New Insights into Channel vs Subspace Codes for Large-Scale Beamspace MIMO Channel Sensing
This work addresses hardware- and sample-efficient channel sensing for large-scale multiantenna communications, offering theoretical guarantees but is incremental as it builds on existing code and beamforming concepts.
The paper tackles the problem of nonadaptive channel sensing with a single RF chain in large-scale MIMO systems, showing that the performance depends on subspace distance and beam gain, and introduces beamspace subspace codes based on Golomb rulers that achieve near-optimal subspace distance for efficient sensing.

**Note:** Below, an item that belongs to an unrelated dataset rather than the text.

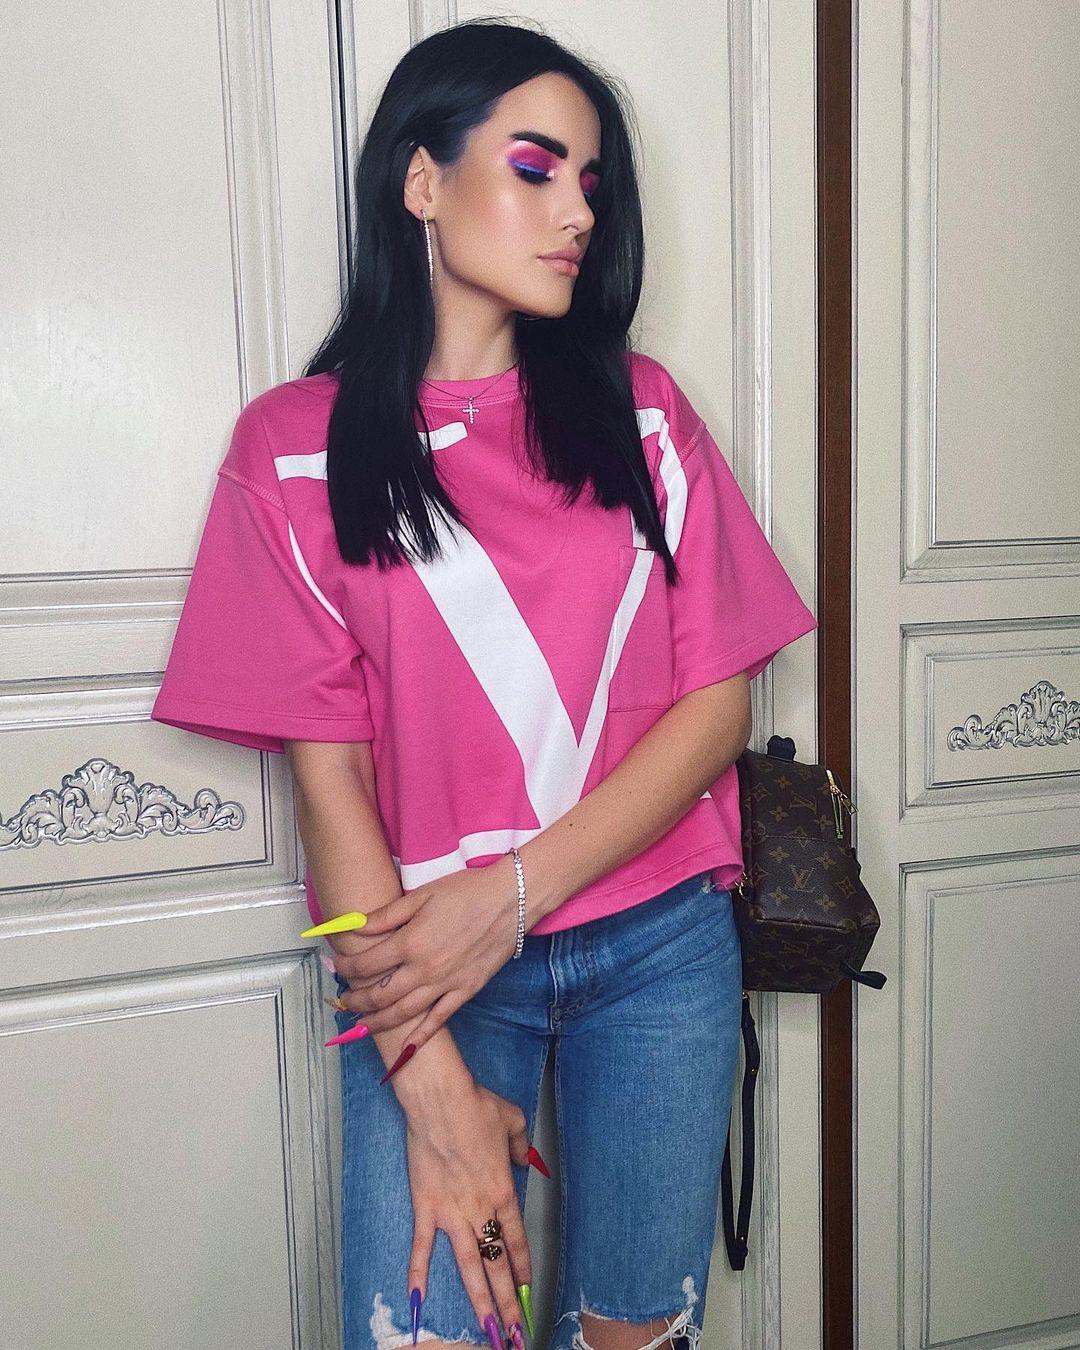 Karina-Arakelyan-Wallpapers-Insta-Fit-Bio-19

This paper provides novel insights into channel and subspace codes in nonadaptive channel sensing with a single RF chain. Observing that this problem naturally maps to a noncoherent decoding problem, we show that the sensing performance of the maximum likelihood (ML) angle estimator, which does not require knowledge of the typically unknown channel coefficient, is governed by two key terms: the minimum subspace distance and beam gain of the used beamformers. We derive an exact expression for the subspace distance of binary linear channel codes mapped to BPSK, which illuminates the relationship between subspace and Hamming distance, used to design subspace and channel codes, respectively. Our result also reveals why good Hamming distance alone is insufficient for sensing, and shows that well-known families of channel codes such as Reed-Muller codes, yield zero subspace distance and thereby poor sensing performance when used naively without proper codebook pruning. Finally, we introduce so-called beamspace subspace codes based on sparse antenna selection patterns (Golomb rulers), which we show provide near-optimal subspace distance. We demonstrate that this property of judiciously designed sparse arrays can be leveraged together with beamforming gain via convolutional beamspaces, enabling hardware- and sample-efficient channel sensing with theoretical guarantees in large-scale multiantenna communications.